The Least Squares (LS) regression over \(T\) observations is \[ \underset{\mu,\gamma}{\textsf{minimize}} \quad \sum_{t=1}^{T}\left(y_{1t}-\left(\mu+\gamma y_{2t}\right)\right)^{2}. \] More compactly, by stacking the \(T\) observations in the vectors \(\mathbf{y}_{1}\) and \(\mathbf{y}_{2}\), we can write: \[ \underset{\mu,\gamma}{\textsf{minimize}} \quad \left\Vert \mathbf{y}_{1}-\left(\mu\mathbf{1}+\gamma\mathbf{y}_{2}\right)\right\Vert ^{2}. \]
We start by loading some stock prices for our tests:
library(xts)
library(quantmod)
# set begin-end dates and stock namelist
begin_date <- "2000-07-01"
end_date <- "2013-12-31"
stock_namelist <- c("0388.HK", "0688.HK")

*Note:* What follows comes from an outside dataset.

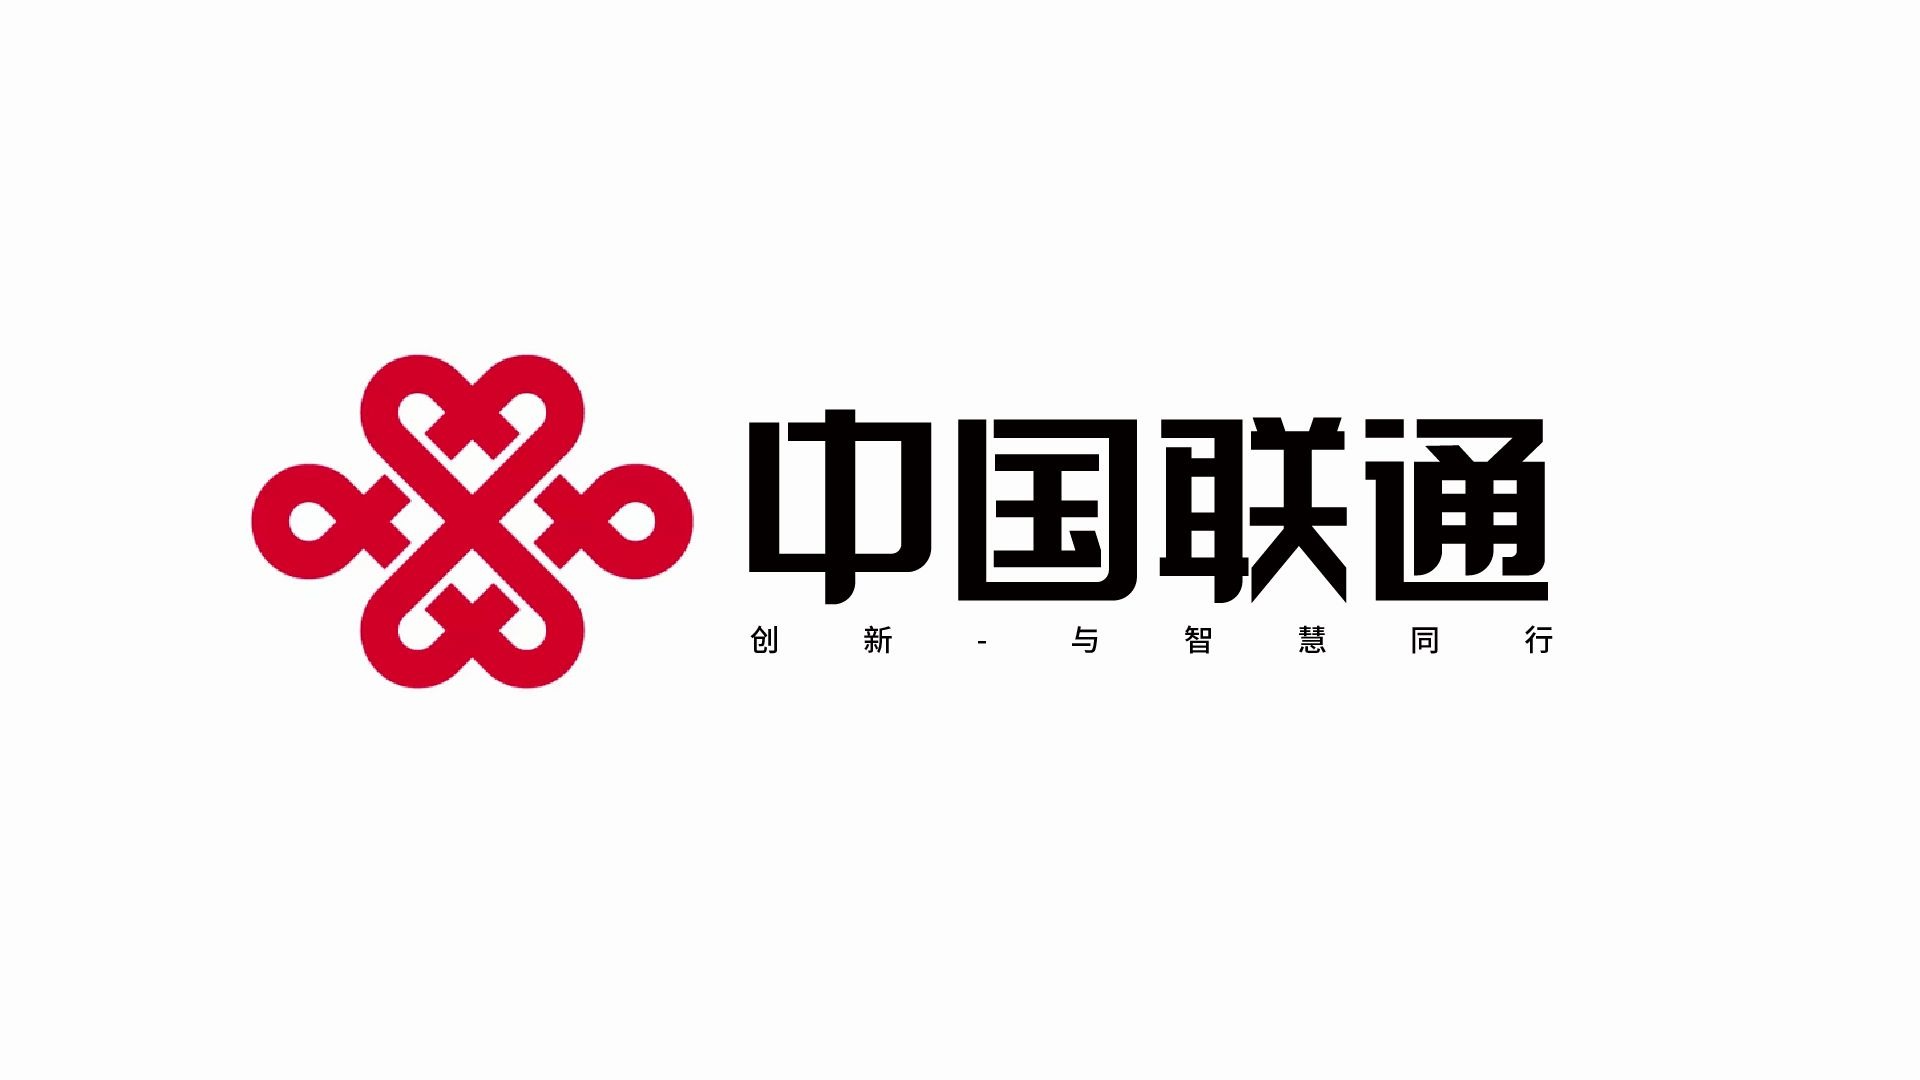 中国联通标志logo大图图片

# download data from YahooFinance
prices <- xts()
for (stock_index in 1:length(stock_namelist))
prices <- cbind(prices, Ad(getSymbols(stock_namelist[stock_index],
from = begin_date, to = end_date, auto.assign = FALSE)))
colnames(prices) <- stock_namelist
indexClass(prices) <- "Date"
T <- nrow(prices) # number of days
# interpolate NAs
anyNA(prices)
#> [1] TRUE
prices <- na.approx(prices)
# some visual exploration
str(prices)
#> An 'xts' object on 2000-07-03/2013-12-31 containing:
#> Data: num [1:3399, 1:2] 6.49 6.6 6.54 6.21 6.46 ...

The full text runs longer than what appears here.